Art. I. 1. Harmonia Evangelica, sive Quatuor Evangelia Græce pro Temporis et Rerum Serie in Partes Quinque Distributa. Edidit Edvardus Greswell, A.M. Coll. C. C. Apud Oxon. Socius. 8vo. pp. 418. Oxon. 1830.
2. Dissertations upon the Principles and Arrangement of a Harmony of the Gospels. By the Rev. Edward Greswell, M.A., Fellow of Corpus Christi College, Oxford. In three Volumes. pp. xxx., 598; x. 574; vi. 354. Oxford, 1830.

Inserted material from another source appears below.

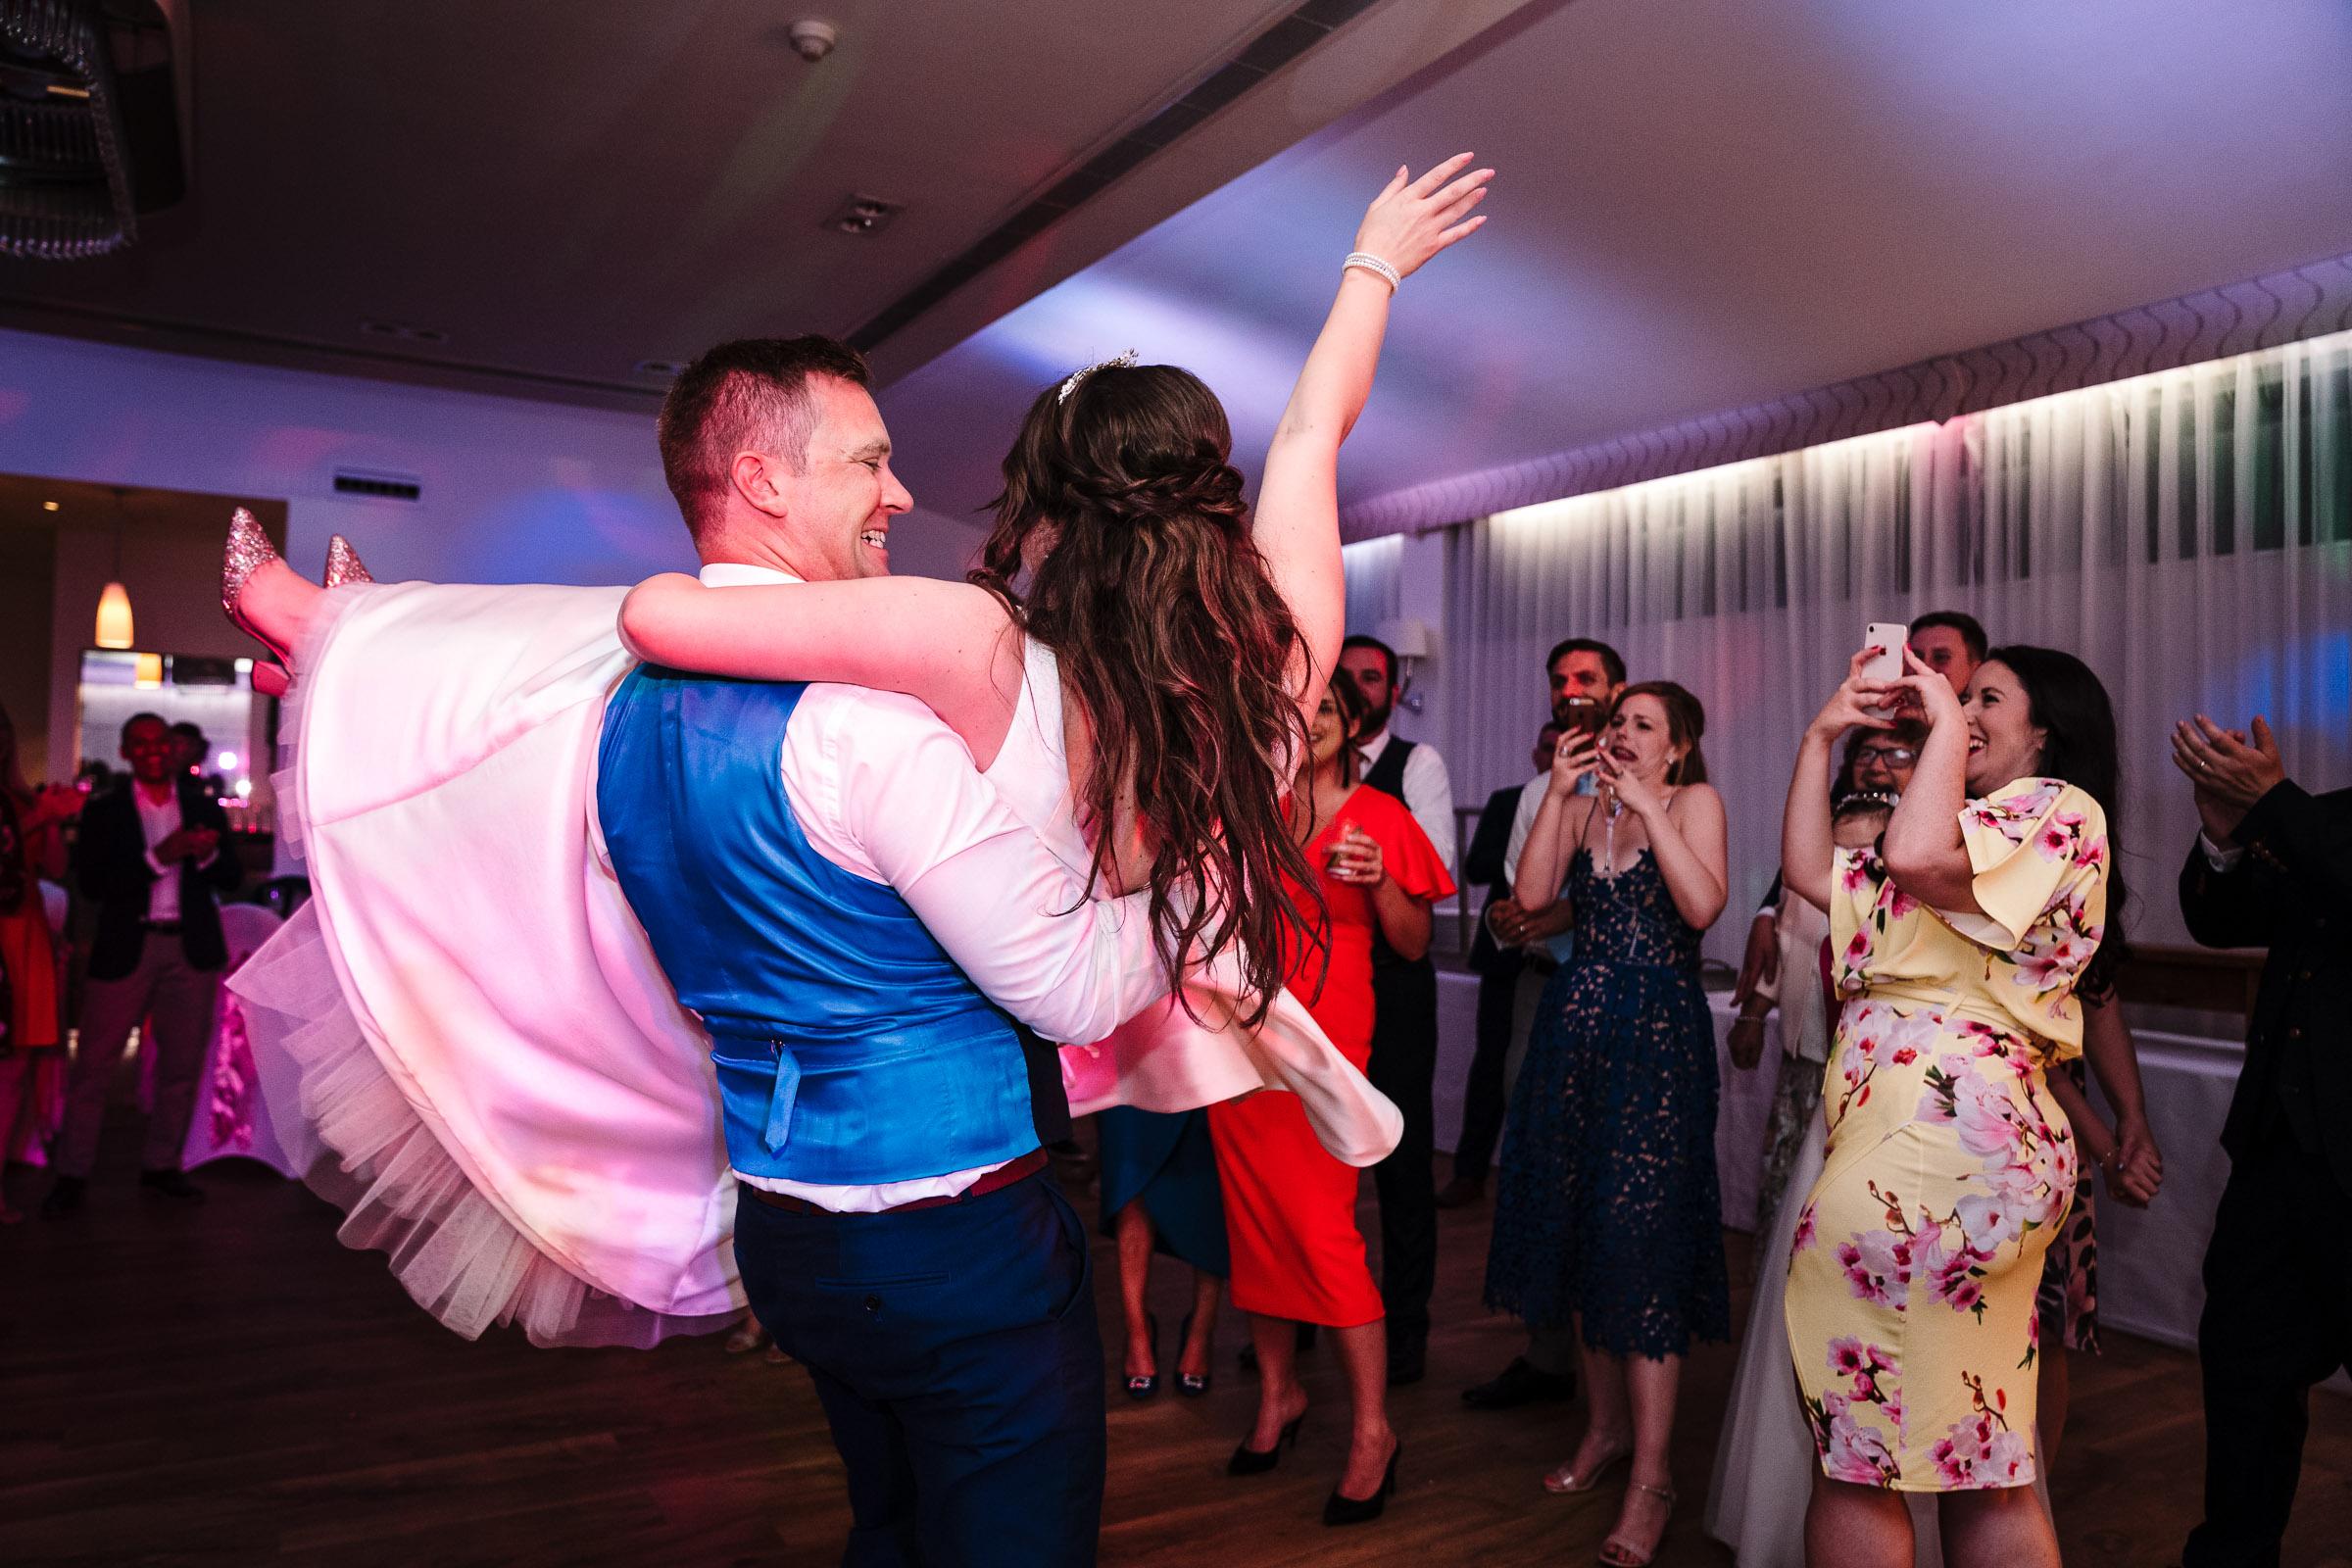 groom spinning bride around on dancefloor

WE are not entirely responsible for the delay in noticing this erudite and valuable performance, which, though it has for so long a time passed the press, will probably be new to the greater part of our readers. The volumes issue from the University press; much to the honour of the learned Delegates, to whose readiness in undertaking the publication the Author acknowledges his obligations. But, notwithstanding the high auspices under which they appear, we cannot learn that they have hitherto obtained the share of attention from the public, to which they are intrinsically entitled; owing, perhaps, to their not having been made known by the usual expedients adopted by London publishers.
The "Harmonia Evangelica" and the three volumes of Preliminary Dissertations, compose one connected work. In the former, the evangelical history is distributed into five parts, comprising as many chronological divisions: these are subdivided into sections, the text of the Evangelists being arranged in two or more parallel columns. The Dissertations are fifty in number, to which are added some supplementary disquisitions and notes, in eight appendices. Of the object and purpose of these dissertations, which form a connected series, we shall first give an account, taken from the Author's own synopsis.
The first volume comprises thirteen principal Dissertations.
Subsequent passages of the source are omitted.